Wednesday, November 18
Got Dune?
This is a regular on game boards. What game system would you
use, what type of adventures would you run, where do the characters fit into
the universe and their relative importance. Sometimes the talk turns to
specifics, all system orientated, what would depict the psionic powers best, Sardukar,
Fremen, Sandworms and spaceships. There are paragraphs written on how intrigue
and interstellar politics are best adjudicated, what system will help you get
it right. I fuss and fret over these things to when my mind drifts to Dune, the
Moby Dick, of my gaming ambitions. When I see the same question (which
interests me) being trucked out again and again, and the answers are all predictable
I tell myself I and everyone else is looking at this ambitious goal, to game a
Dune-inspired game worthy of the name fucking wrong! Okay, I will only include
myself in this category. I am not here to bruise feelings. Unless you are a
player in my game…
I start building a campaign world generally from this bas-ackward approach. Okay I want to do “this” and I should use “this” to pull it off. My latest approach to campaign and world building goes something like this, “What do you have that makes doing this worth it? How are you going to nail ‘It’?” When I consciously make these pivots, I have yielded impressive fruit. It more or less gets me to read the source material and reengage the artistic talent of the prose which first electrified me when I was a wee one reading comic books and Lovecraft and Howard and Moorcock. I started a Sword & Sorcery campaign years ago built on just reading the Conan novels and a generic minimalist system. I just kept breathing in that black lotus until my soul was dark and pitiless. Really, it is just paying attention to what and why a certain adventure was just awesome. You learn the pace of the campaign world from the source material, not the game mechanics. The language to, basic stuff. I’ve repeated this approach with the three other campaigns which have gotten significant milage here online since 2012 and it has always been successful. Like a sci-fi campaign. I always wanted to run one, but I haven’t done so because I don’t have a good, a great idea. I can’t answer that question in the affirmative, “What do you have that makes doing this worth it?” so I don’t move forward. Then one day I read an adventure module (doesn’t matter what genre, this occasion it was a fantasy adventure) and shouted eureka! I had a reason. I had a great opening adventure and it made all my spacey opera horror sci-fi dreams fall into place like instantly.
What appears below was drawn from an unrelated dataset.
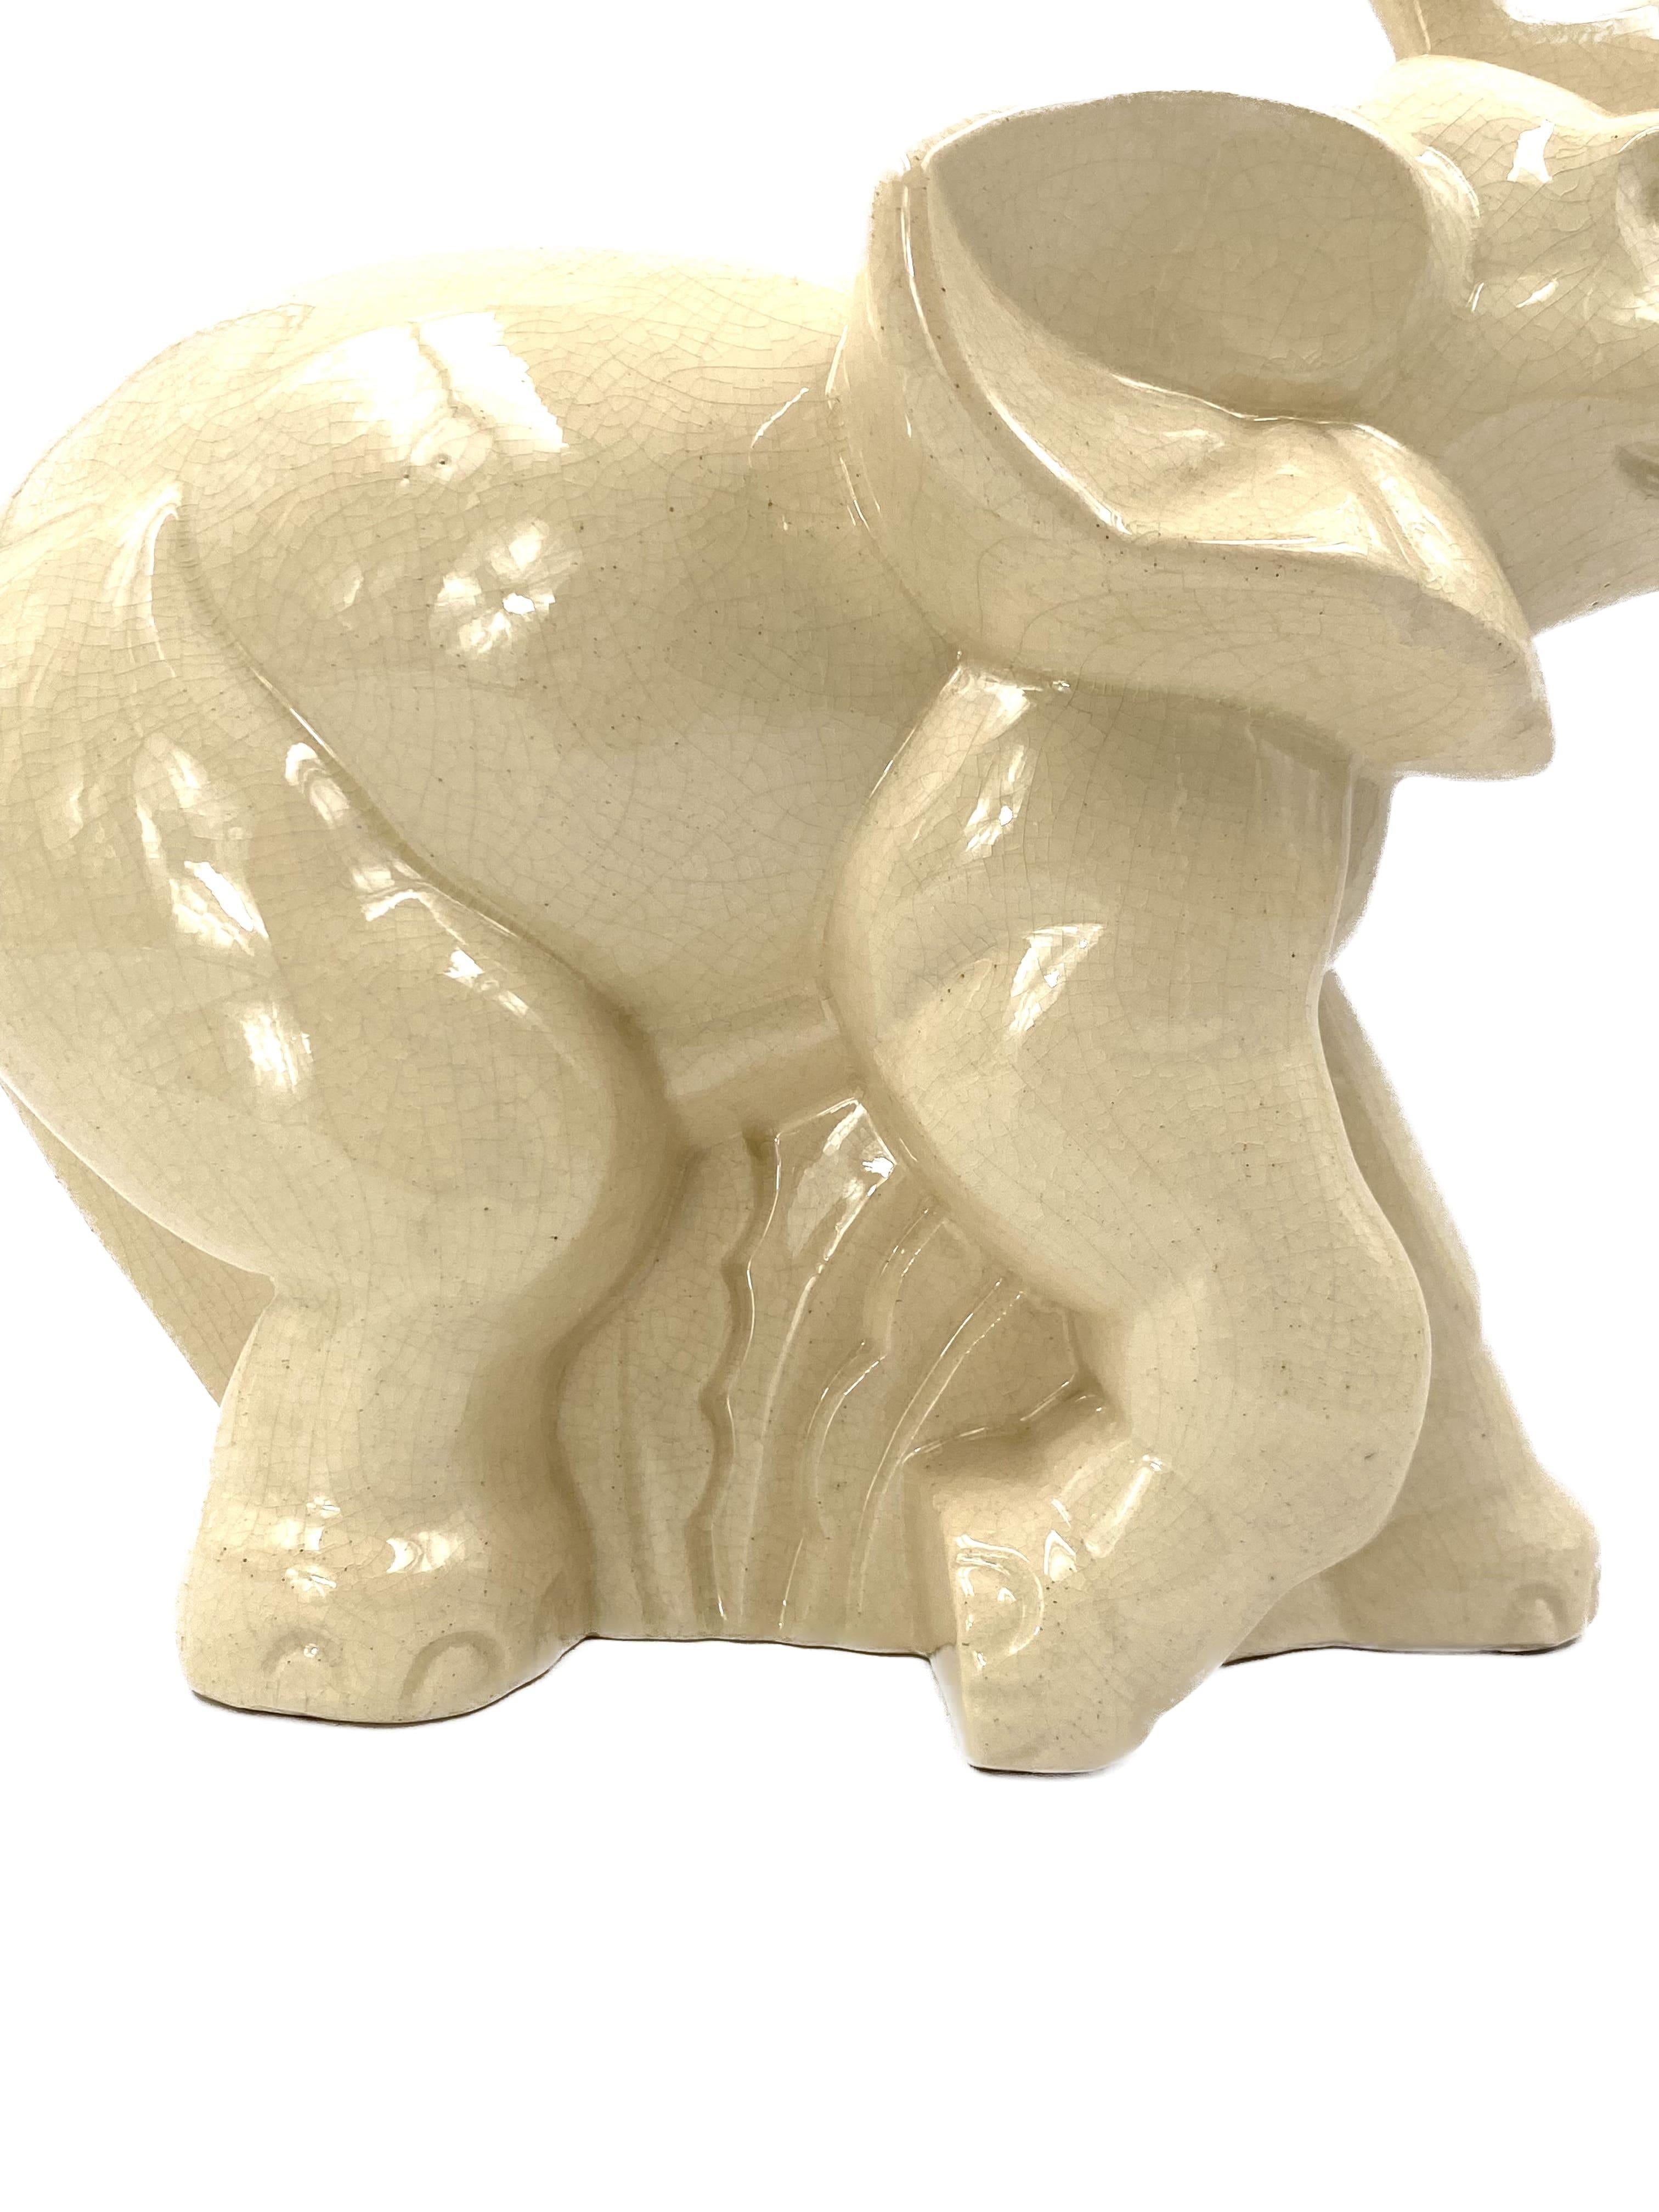 Elephant Craquelé Glazed Earthenware Art Deco Sculpture, Fontinelle Belgium 1940 For Sale 2

However one approaches creation of the campaign world reflection on how the one important planet turns the entire cosmos into fits has to be nailed down. Characters are always reflected in their relationship to the dominating planet in a Dune campaign. The effects, the literary devices used by the source material are well known and discussed ably all over the internet. The roleplayer’s task when they pick up the Dune Gauntlet is how to impart that massiveness into a gameable expression. And that is why I would use Classic Traveller cause I find a campaign of this "flavor" would take much thought to come up with something worth playing. A simple system for sci-adventure will be my enabler more than a detailed system, even one designed to be Dune! I don’t trust any commercial game designers to take this shit serious enough to get it right. I have made, and this is probably unnecessary and
misguided, a Dune-inspired campaign the elusive unicorn of my gaming ambitions. I wait for the day when the idea gels and I scream "I got it!" and start scribbling some notes. I mean, you gotta come up with something cooler than psychotic-narcotic spice which allows you to fold space and well, you get the picture. Tall order. Another place where I don't think a system is going to save you. It is going to take a lot of passion and vision from everyone at the table to not be lame. I’ll tell you when I figure it out.